European ETF investors increased risk-taking last quarter by withdrawing cash from money market index products, the only sector to suffer withdrawals, while boosting assets in all other sectors.

Overall the European ETF industry grew assets by about 33% from €148bn in the three months to 30 September, according to data provider Lipper’s quarterly European industry report.

Emerging markets equity ETFs – historically adjudged among the riskier products – rewarded investors last quarter, as most of the industry’s top 10 equity-linked funds by performance focused on developing regions.

The best ETF – Non-financial Istanbul 20 Type A, which made 21.6% – targeted a developing market, but so too did the worst – the db x-trackers FTSE Vietnam ETF, which fell 24%.

Nine of 26 European money market ETFs examined registered quarterly losses, mainly due to fluctuations in the euro, the base currency of Lipper’s report.

Euro-denominated investors would have suffered losses exceeding 10% from four money market ETFs in the three months to 30 September.

A diverse range of commodity-based ETFs filled the top 10 places for the quarter, from palladium (Julius Baer and ZKB), to agriculture (Amundi and Market Access RICI) to silver (Julius Baer).

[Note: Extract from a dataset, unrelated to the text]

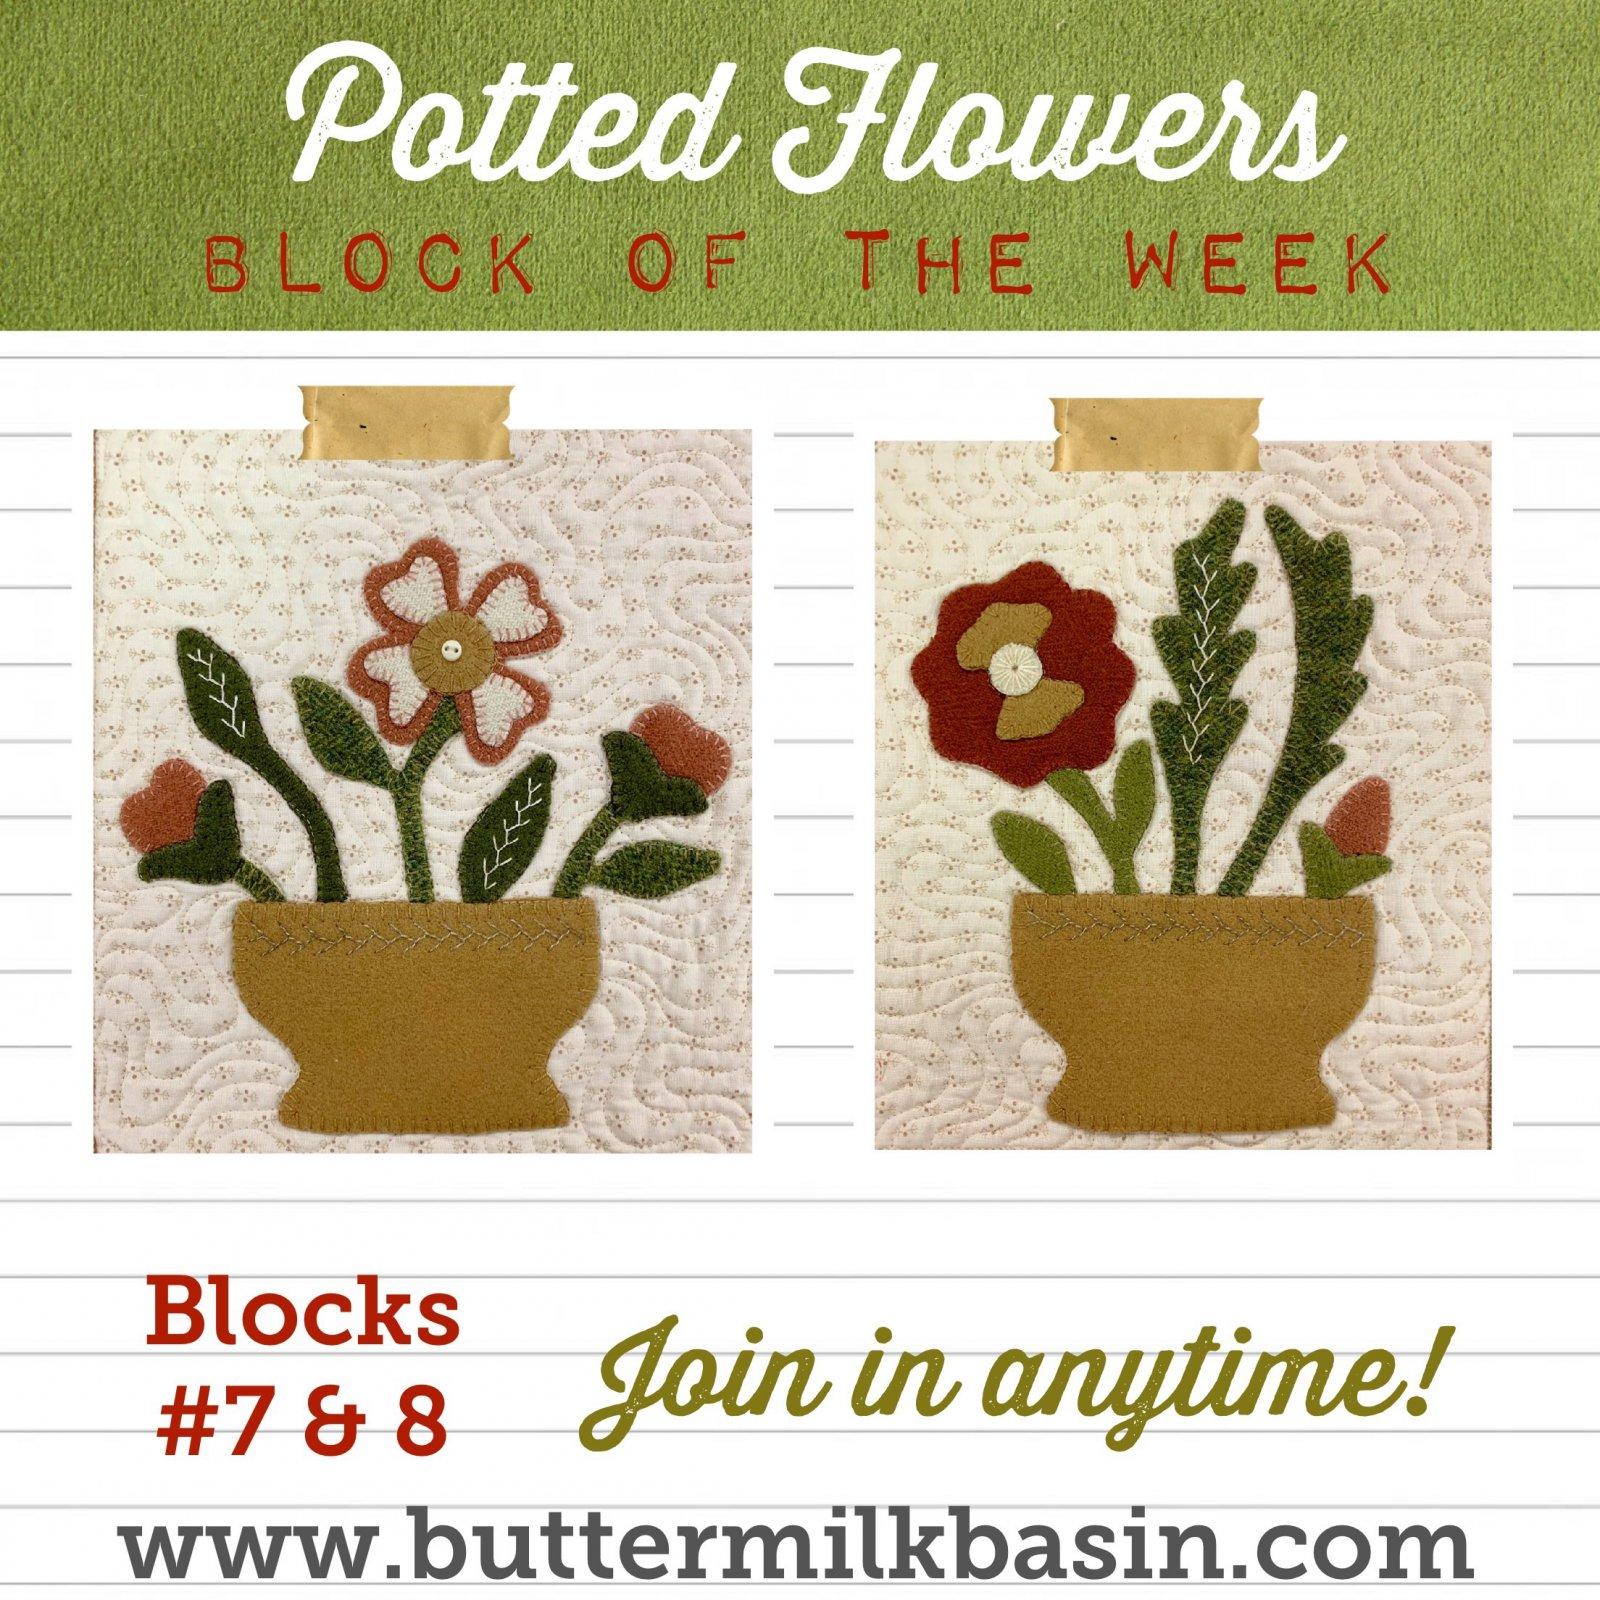 Vintage Potted Flowers Quilt Block of the Week *Blocks 7 & 8 Pattern & Kit

Only one equity-linked real estate ETF of 28 analysed lost money, whereas a host of bond-linked ETFs, notably short Treasury products, fell in value.

When considering turnover in September, investors trading ETFs on German exchanges were proportionately the most active, accounting for 31% of total industry turnover last quarter, followed by Euronext (19.3%), London (14.8%) and Borsa Italiana (13.8%).

Not surprisingly, three-month rolling turnover has fallen most sharply over the year to October for Greece-focused products, down 81%.

Turnover among all European ETFs fell 30.9% to a monthly average of €35.5bn last quarter, though this was from a relatively high €51.4bn the previous period, driven largely by record-high turnover in May.

Europe’s index-tracking industry remains concentrated, with the five largest promoters accounting for 77% of industry assets.

Some 41 ETFs, mainly equity-linked, launched in Europe last quarter.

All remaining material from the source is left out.